Java ME SDK と IDE プラグインによってデバイス開発者には,デバイス開発のための完全なアプリケーション開発環境が手に入る。プロファイリングとネットワーク経由モニタを装備した組み込みデバイスエミュレータを使用すれば,デスクトップコンピュータ上でもアプリケーションのテストとデバッグが可能になる。さらにターゲットハードウェアに直接アプリケーションを配置して,デバッグおよびテストする機能も提供されている。

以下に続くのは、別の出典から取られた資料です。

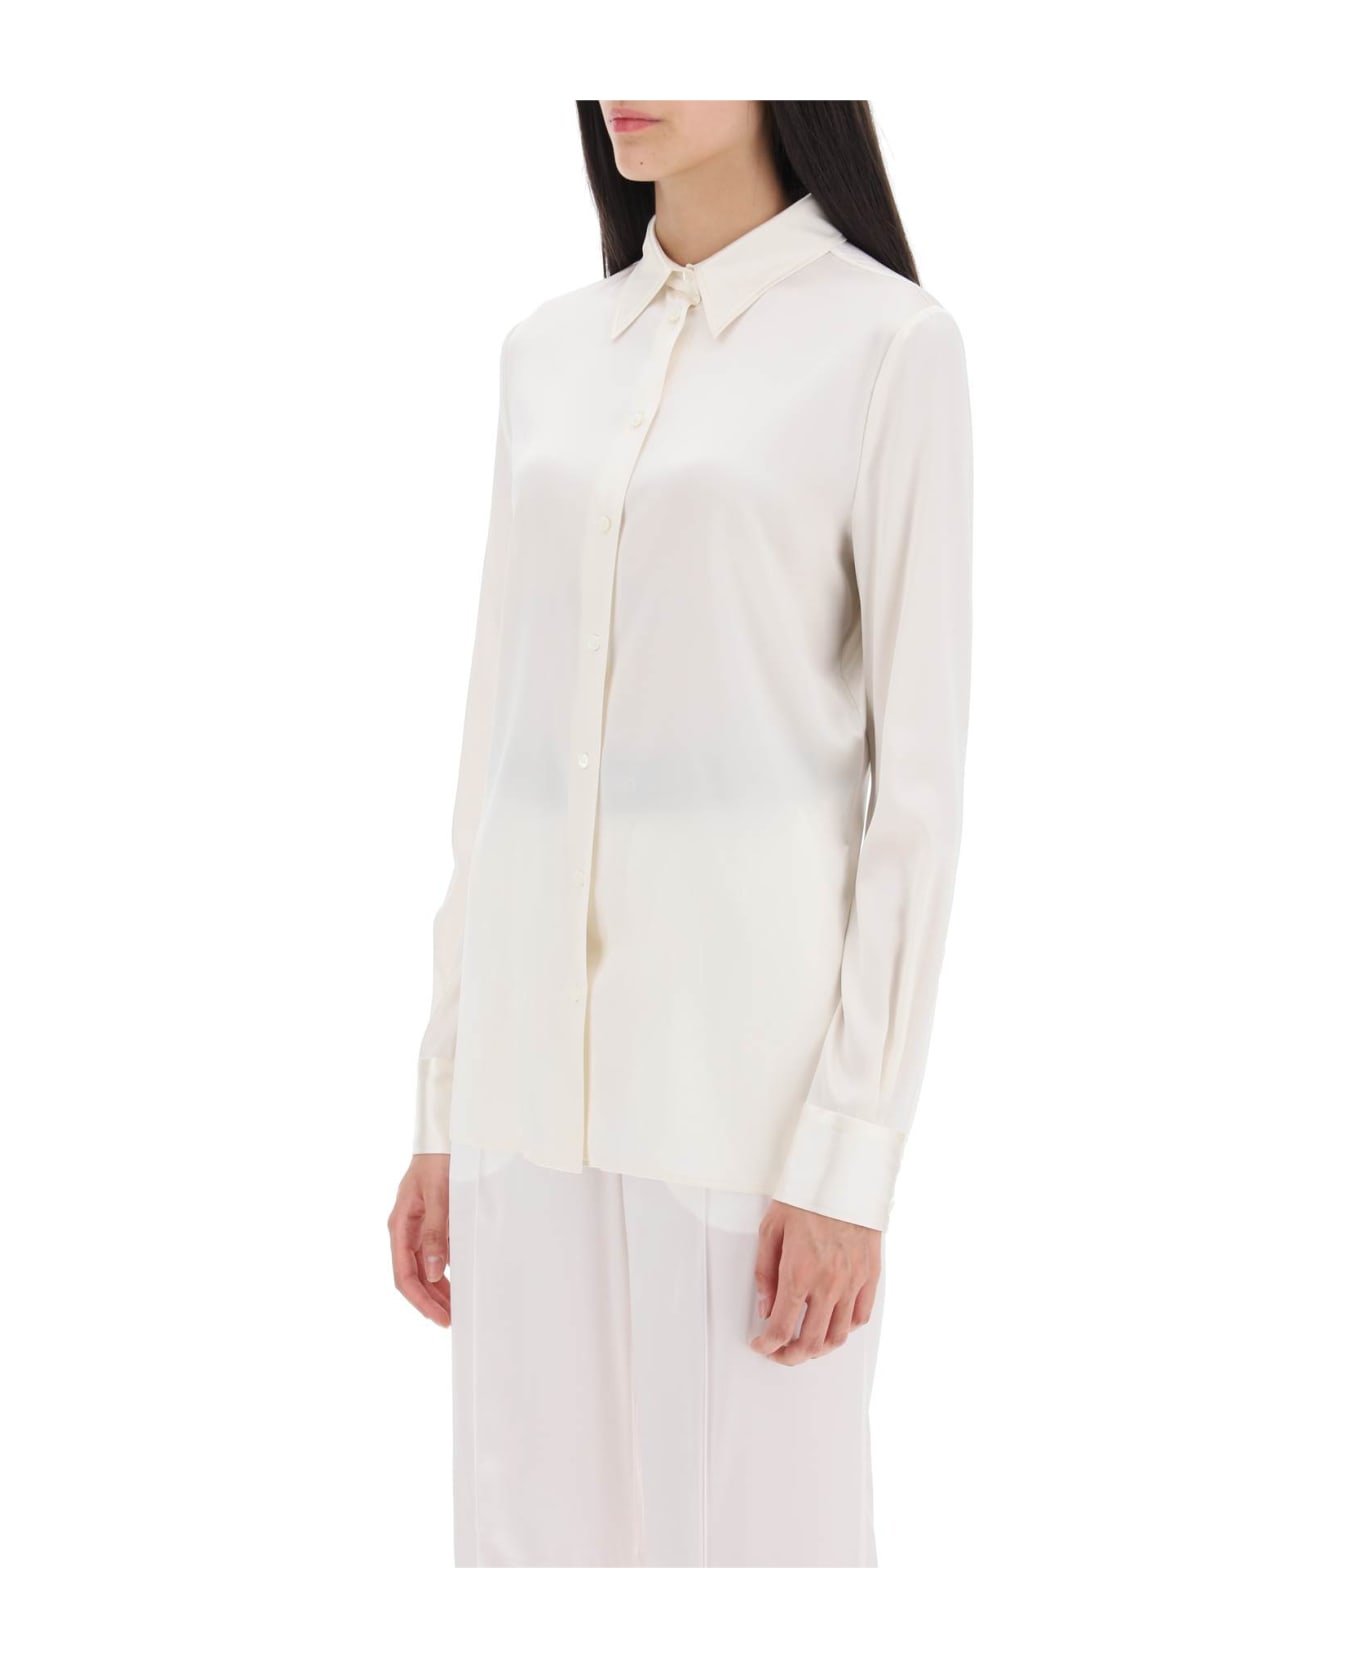 Tom Ford Silk Satin Shirt - CHALK (White)

詳細については Java ME Embedded FAQ を参照して欲しい。FAQ では Java ME Embedded が提供する 標準的な API,組み込み特有の API の両方を取り上げるとともに,Java ME Embedded と Java Embedded Client,Java SE Embedded との違いについても説明している。ただし Java ME Embedded ランタイムは,厳密な意味でのリアルタイム機能をサポートしていないことに注意が必要だ。ネイティブなリアルタイム処理については,基盤となる RTOS を利用する必要があるだろう。

Java Embedded Suite

Java Embedded Suite は,より高機能な組み込みシステム用アプリケーションの開発を支援するアプリケーションプラットフォームパッケージである。ネットワークアプライアンスや医療機器,多機能プリンタ,軍事防御システムなどといったアプリケーション構築の基盤として利用可能だ。組み込みデバイス用に最適化した標準ベースの Web サーバとリレーショナルデータベースサーバ,および REST Web サービスフレームワークが予め統合して提供される。スタックは Java SE Embedded 7u6+,GlassFish 3.1+ Embedded Profile,Java DB 10.8+,Jersey 1.11+ で構成されている。組み込みデバイス用に最適化された Java プラットフォームだが,Java SE 7 および Java Servlet 3 仕様には完全準拠している。また,デプロイメント固有のチューニングとパフォーマンスの最適化を行うための設定オプションが用意されている。

Java Embedded Suite は x86 および ARM 上の Linux に対応する。最少構成は 64MB RAM と 66MB ROM,glibc 2.9 を備えた Linux カーネル 2.6.28 である。ARM ベースのデバイスは ARM V6 あるいは V7 CPU が必要である。評価用の実装が ダウンロード で入手可能だ。